Available data:
[Start of section]
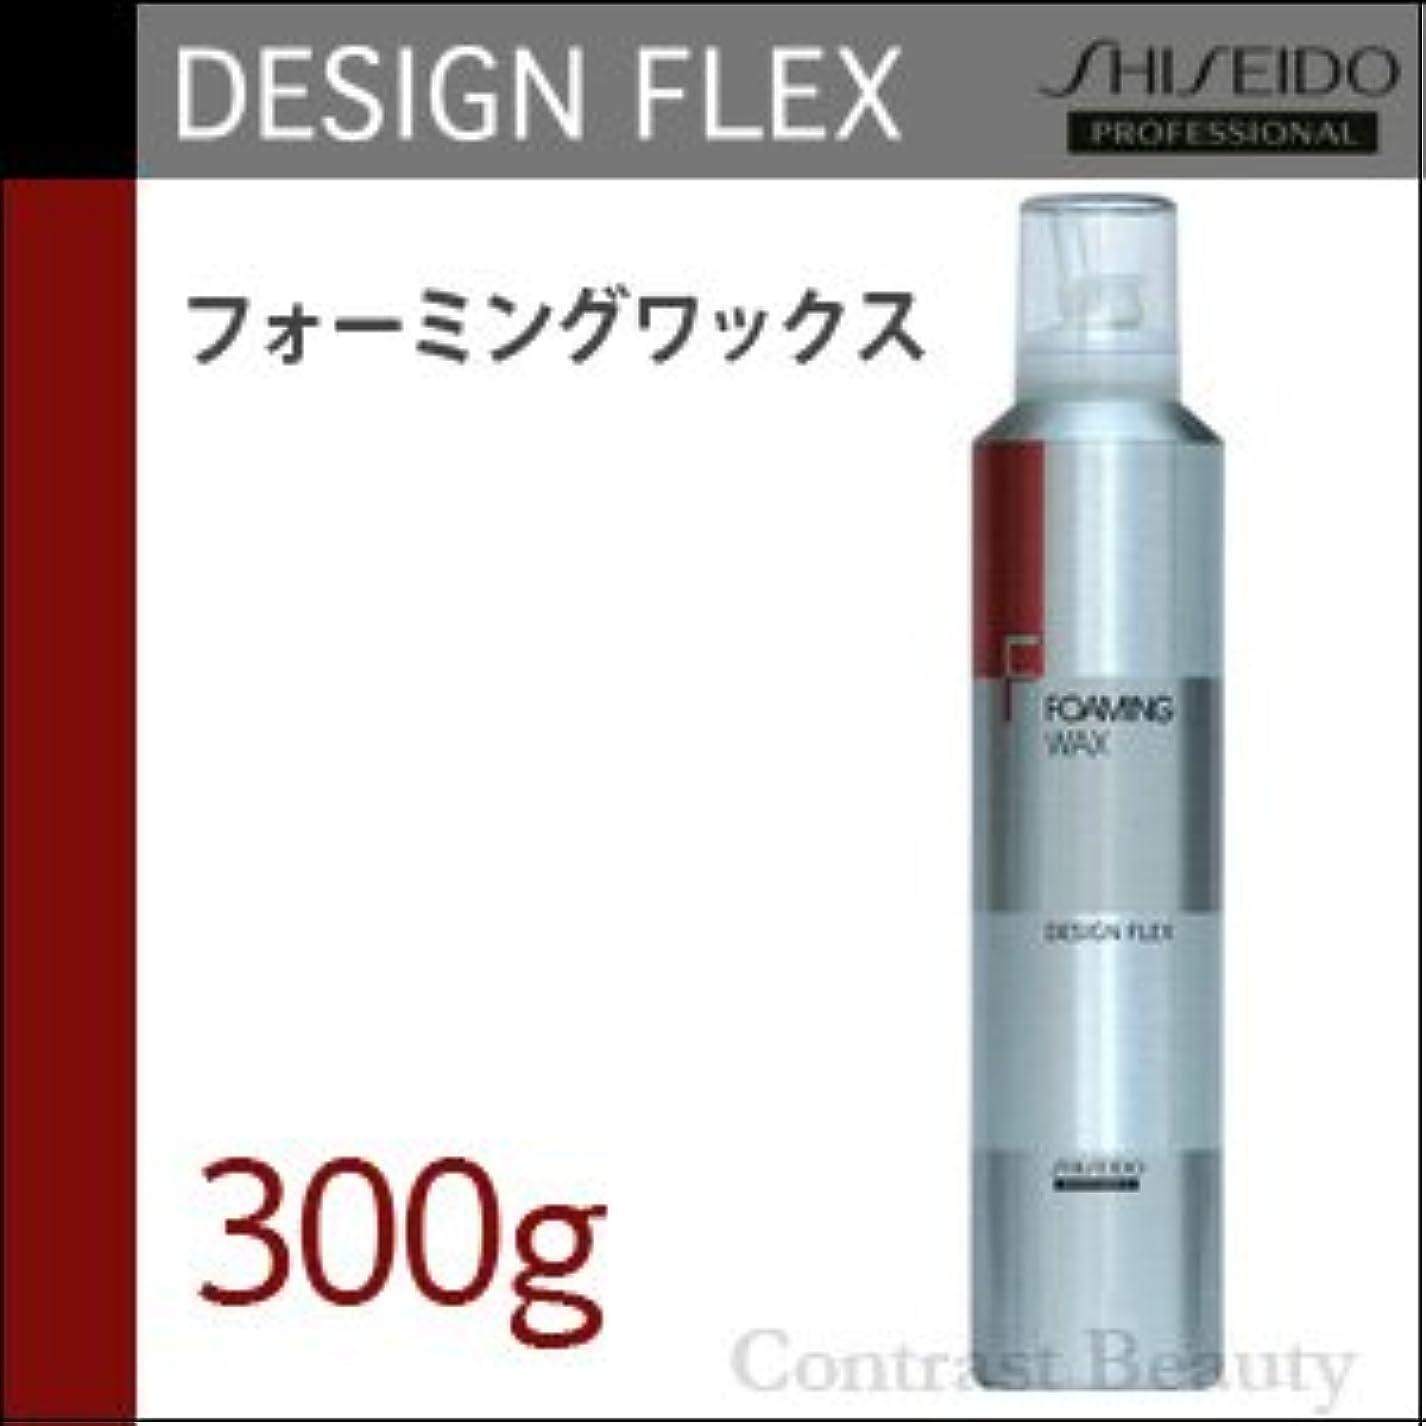 呪われた調整可能弱い【x3個セット】 資生堂 デザインフレックス フォーミングワックス 300g
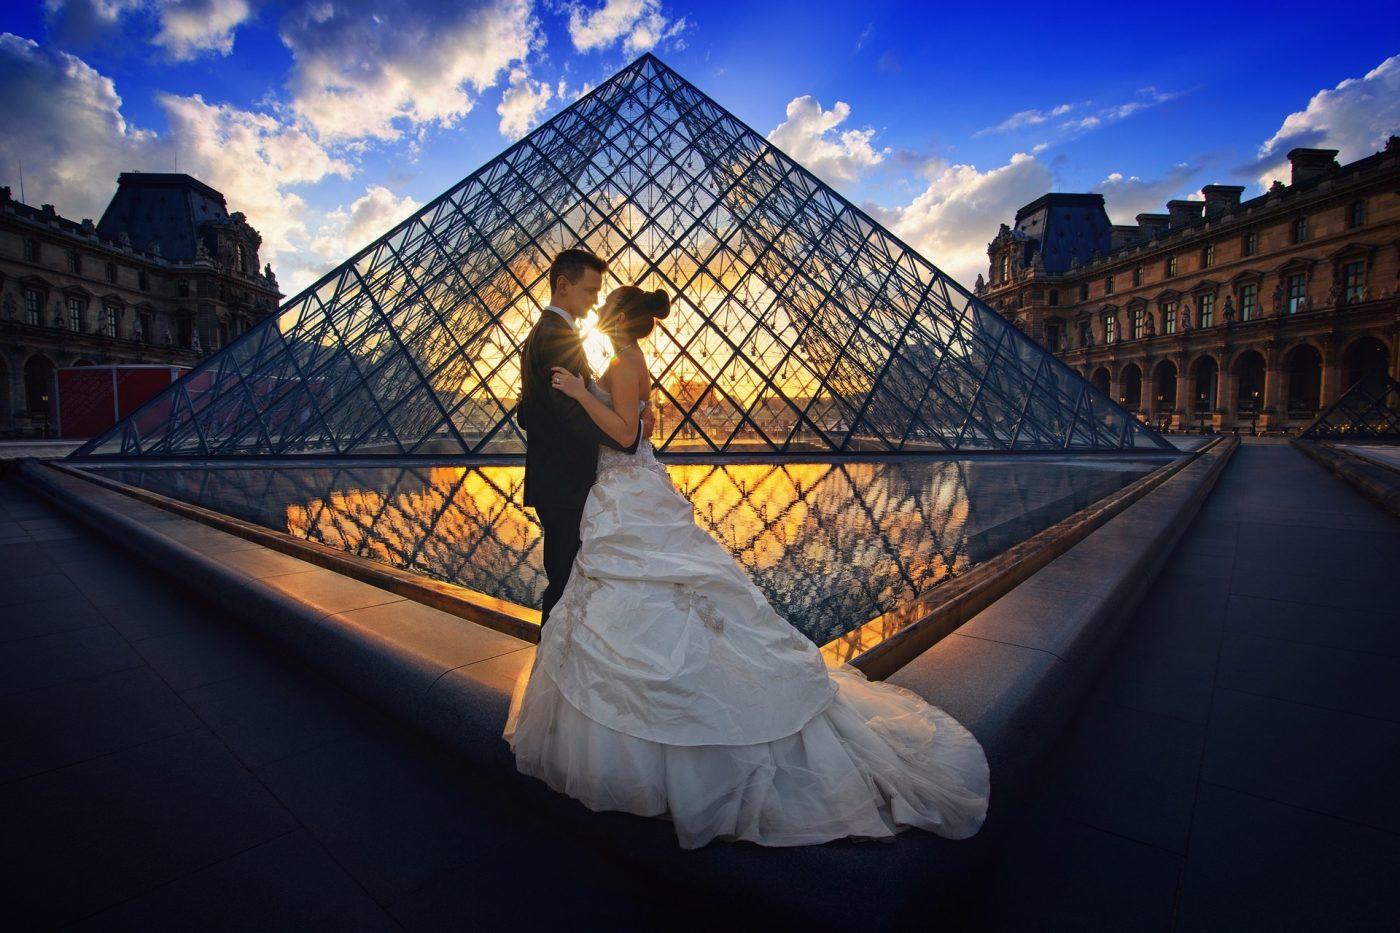 Hää-Pariisi-2966297_1920-1400x933
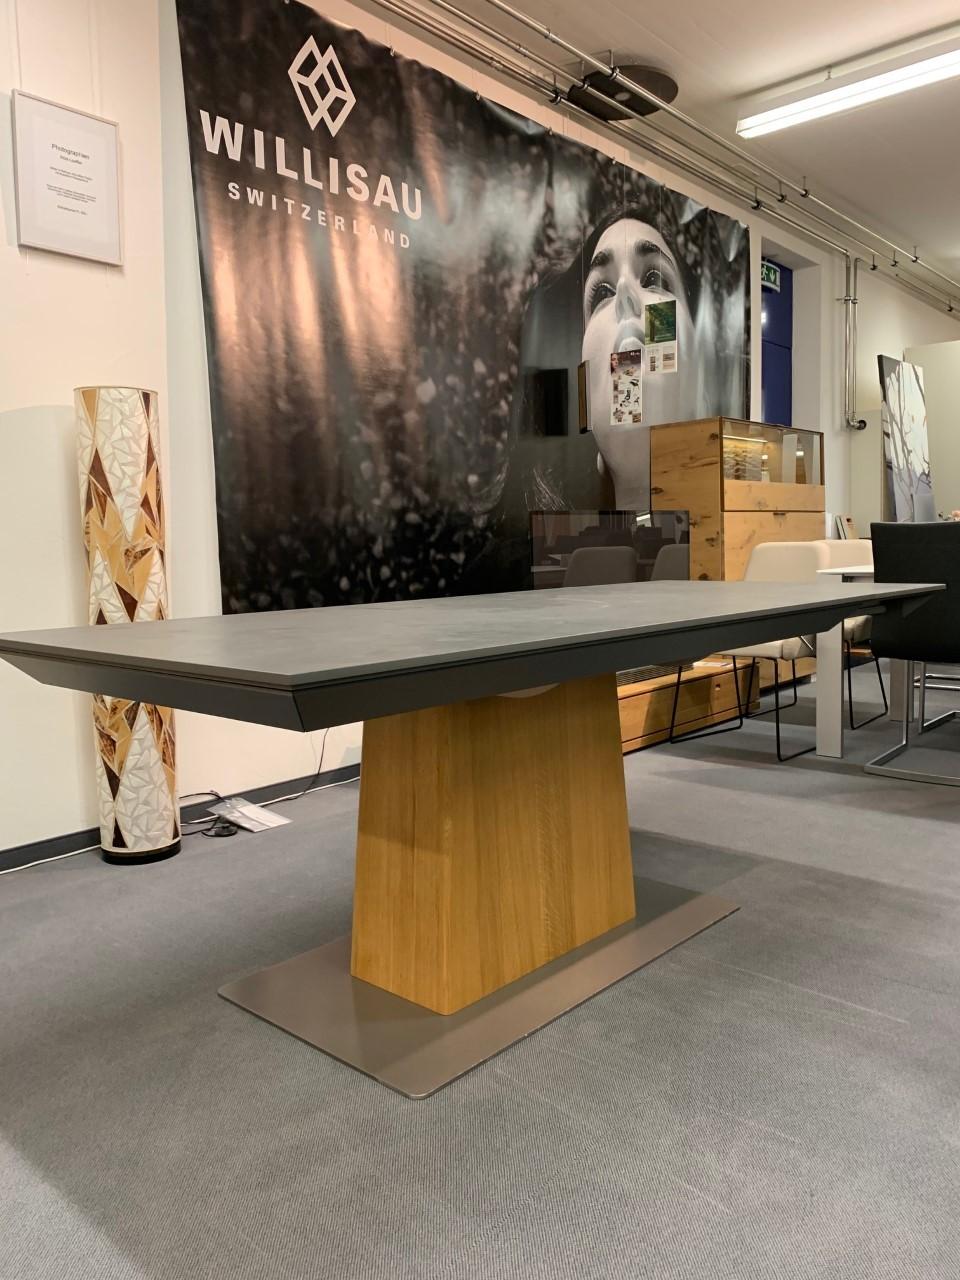 Tisch Modell Diegaro von Willisau 180 x 95 cm mit Verlängerung, Blatt in Stucco 09
[End of section]
Requirement: Every line above should be retyped exactly; the pictures do not belong in the copy.

Written response:
 呪われた調整可能弱い【x3個セット】 資生堂 デザインフレックス フォーミングワックス 300g
 Hää-Pariisi-2966297_1920-1400x933
 Tisch Modell Diegaro von Willisau 180 x 95 cm mit Verlängerung, Blatt in Stucco 09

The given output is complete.